PwC Adds Two Independent Directors to its Board

JUNE 22, 2017  RECENT DEVELOPMENTS

According to the Wall Street Journal, PwC recently added two (2) independent directors to the partnership's governing board, a move that has been encouraged in regulatory circles but is not required in the US.  PwC, which indicated they are adding outside directors as a means to improve governance of the firm (for example, by providing additional perspectives and diversity to the Board), is the first Big 4 accounting firm to do so. 

The article indicated, 'In 2008, a Treasury Department advisory committee on auditing said such a move “could improve investor protection through enhanced audit quality and firm transparency”' and also noted that Steve Harris, a member of the Public Company Accounting Oversight Board, advocated the idea in a speech last month, saying independent directors represent “basic sound governance practice.” 

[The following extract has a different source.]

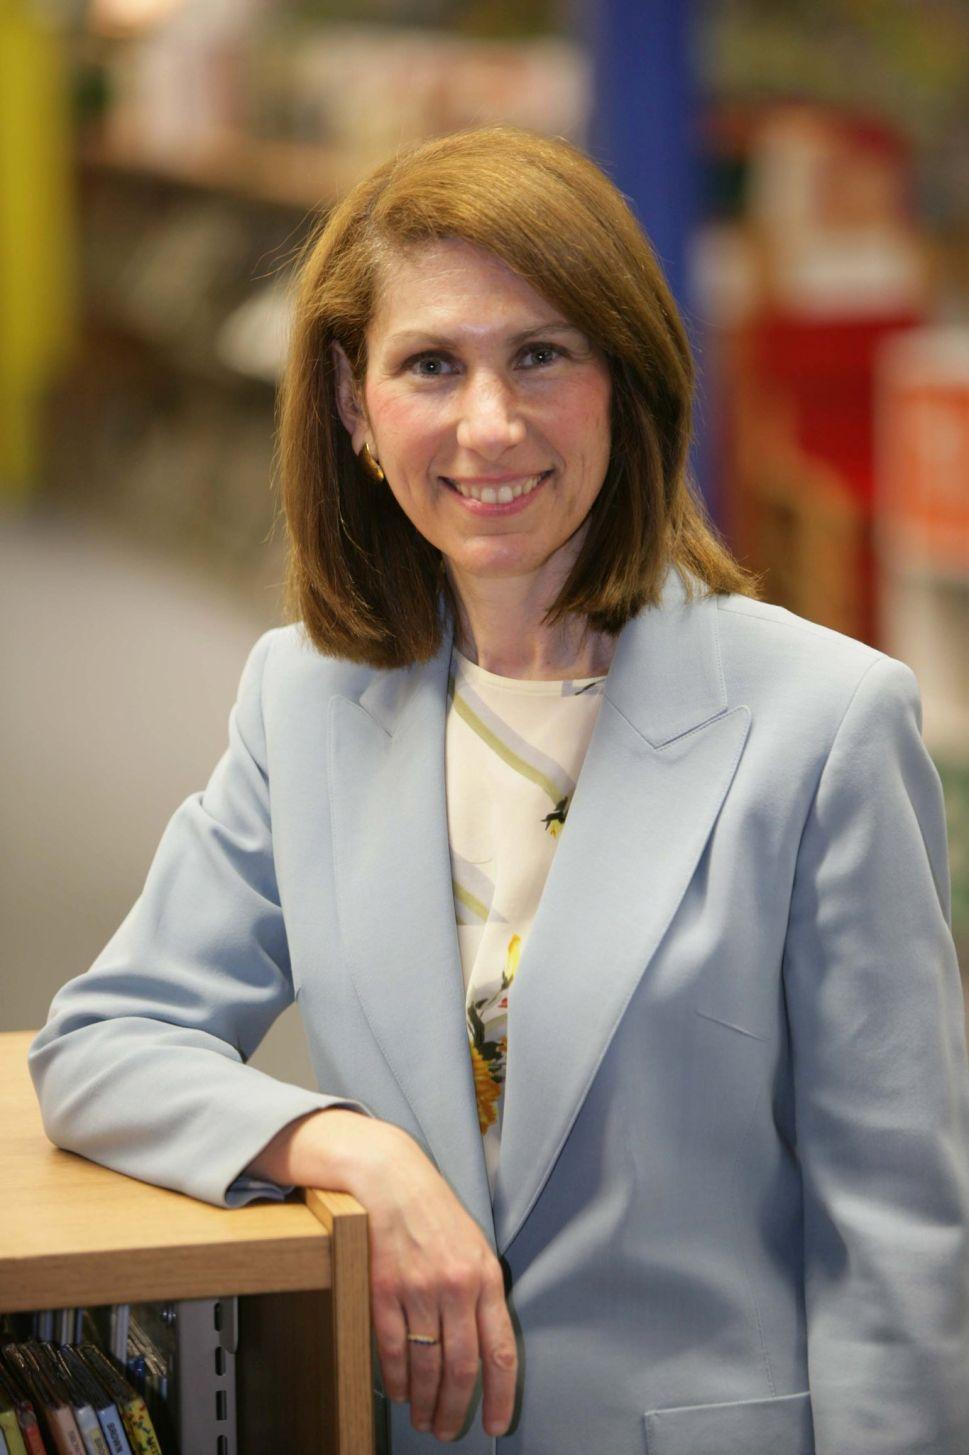 BREAKING: Amy Handlin Dropping Bid to Replace Kyrillos in NJ State Senate

I applaud the move and am sure others will as well - 

SEC to Re-evaluate Loan Rule

JUNE 17, 2017   RECENT DEVELOPMENTS

In comments made before the 2017 SEC/NASAA Annual Section 19(d) Conference, SEC Commissioner Michael Piwowar stated that as Acting Chairman he had directed the SEC staff to re-examine the independence rules on lending relationships, which deem that loans between the firm and its audit client and certain "related" entities impair independence.  The rule, he said, includes loans from entities holding more than 10% of an audit client's securities, which may have no bearing on the auditor's objectivity if the entity cannot exercise influence over the shares. Suggesting that the situation creates undue compliance burdens, particularly in the asset management industry which often holds securities for customers without beneficial ownership, he said regulators should ensure that the rules function as intended and in an efficient and effective manner.  The SEC Staff addressed the matter in a "no action" letter to Fidelity Management and Research Co. issued almost one year ago, a temporary fix set to expire 18 months from the date of the letter. 

Can We Please Remember Who "the Client" is?

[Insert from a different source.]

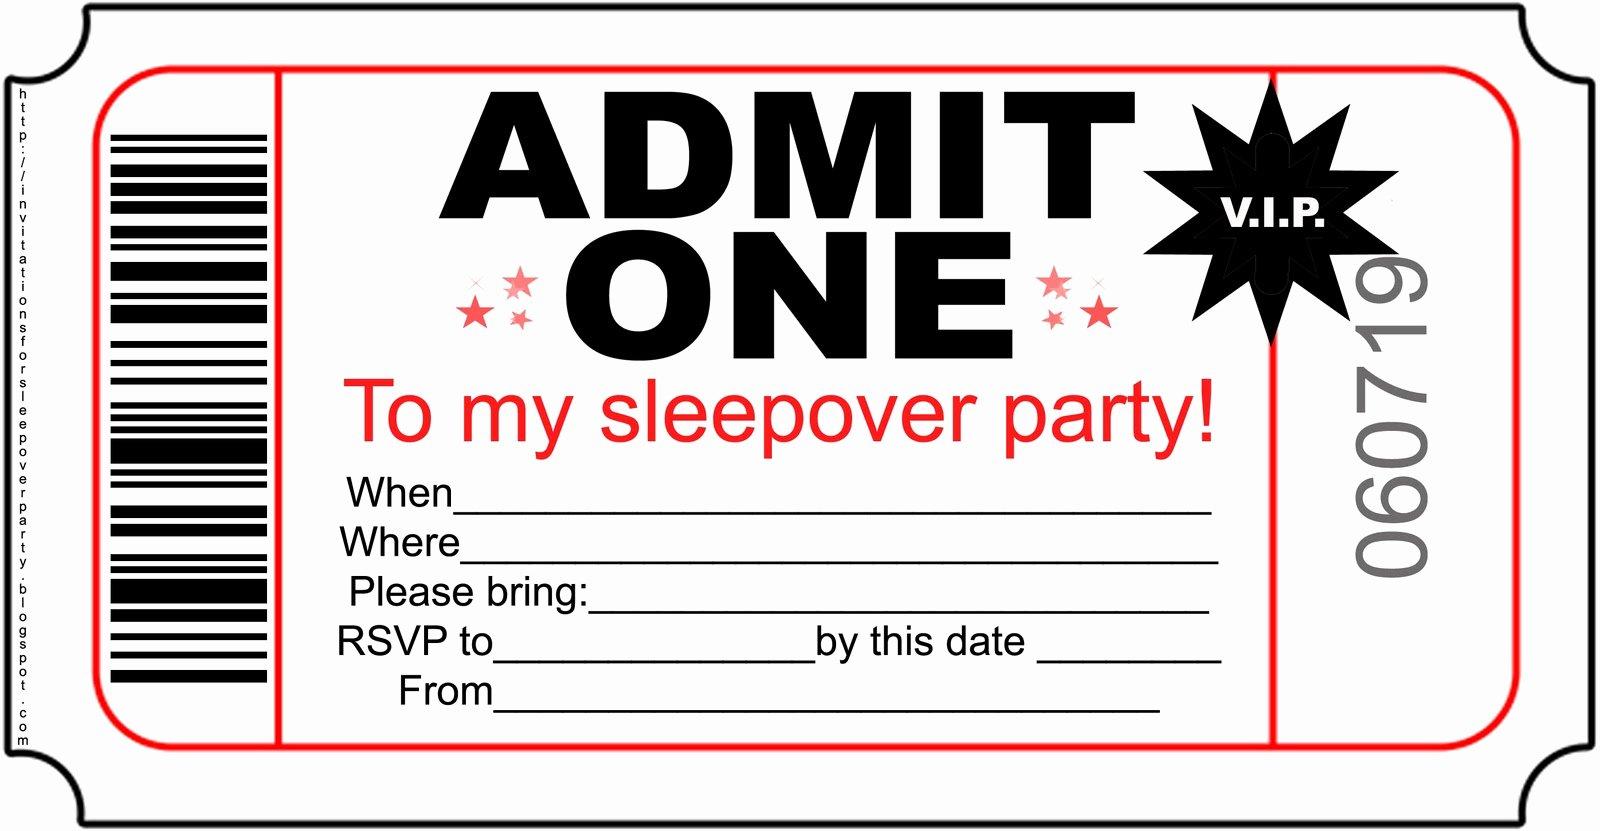 Movie Ticket Invitation Template New Template Inspiration Movie Ticket Invitation Template

JUNE 13, 2017  POINT OF VIEW / RECENT DEVELOPMENTS

An article in Accounting Today ("Auditor Rotation Rules Could Lead to Dissatisfied Clients") about audit firm rotation indicates that a poll by U.K.-based Source Global Research found that two-thirds of senior executives were dissatisfied 2 years after they switched auditors. Having spent much of my career debating independence in the audit profession, I am dumbfounded that some still do not know for whom an audit is performed. And no matter how many times regulators remind auditors that the independent audit is performed for the benefit of shareholders -- aka "the client" -- we just don't seem to get it. 

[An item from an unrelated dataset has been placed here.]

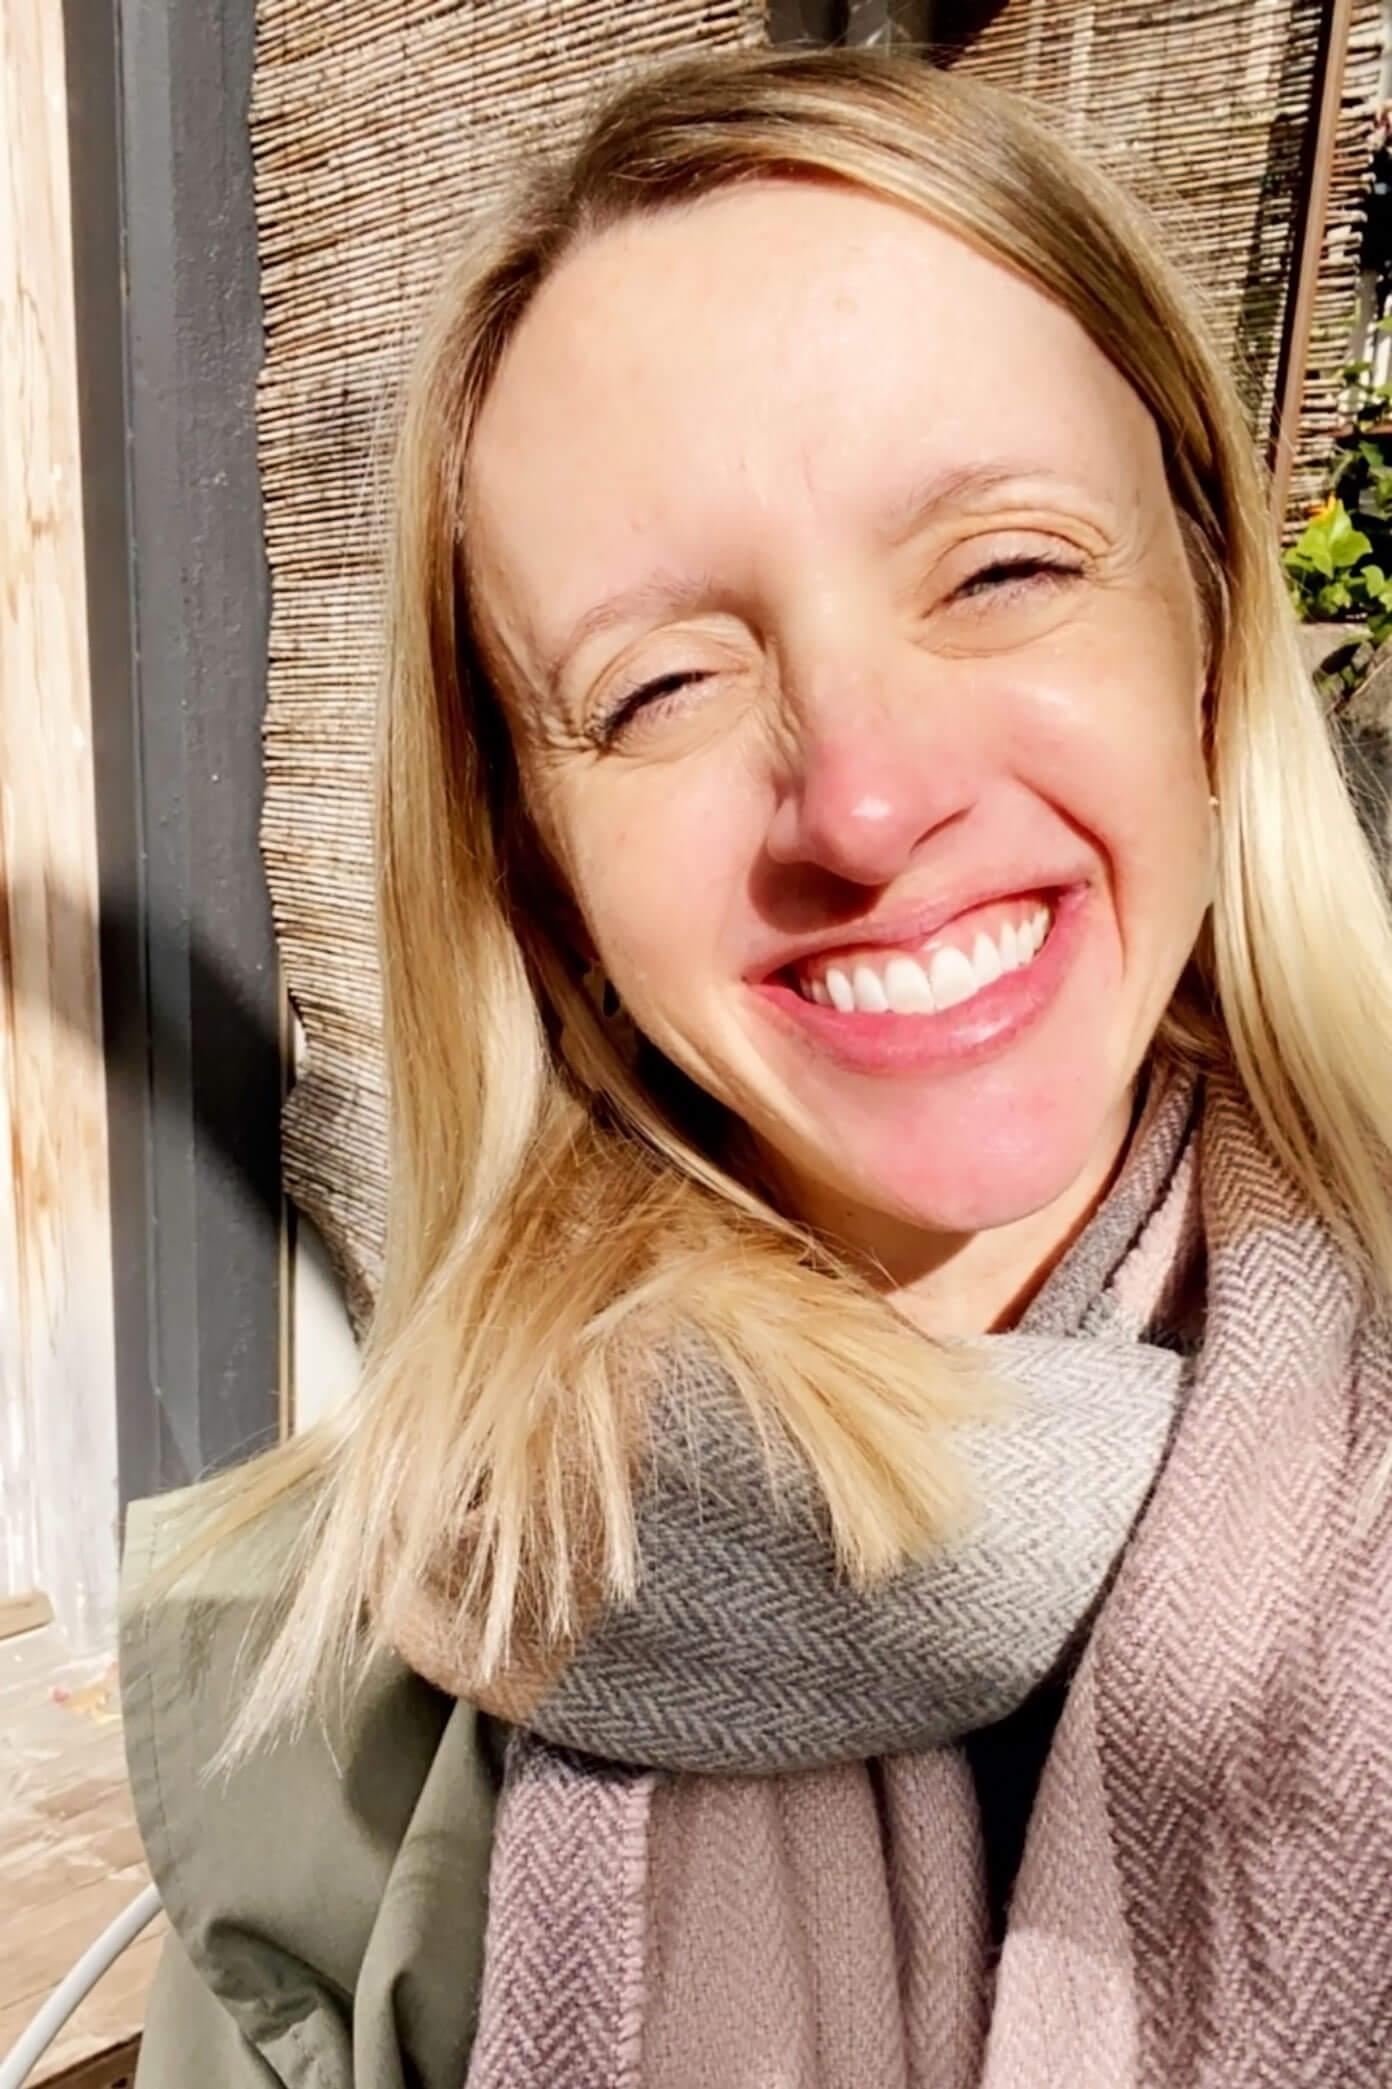 Squinty terrace selfie

A quote in the article even states that "changing auditors is designed to increase client satisfaction.." which, unless "client" means the company's shareholders, does not hold water. The purpose of audit firm rotation, plain and simple, is to remove the familiarity threat that can take hold when a firm audits the same client for many years and enhance independence.  We do have partner rotation in this country for public companies and that alleviates the same threat, so I am not proposing or opposing firm rotation.  I just wish we as a profession could keep our heads in the right place when it comes to the auditor / client relationship and acknowledge that: (1) shareholders come first, and (2) management is not king, despite the way our public company audit system is currently structured. 

Lest we want to move to a government audit model, which (sadly) I'm not convinced I won't see in my lifetime.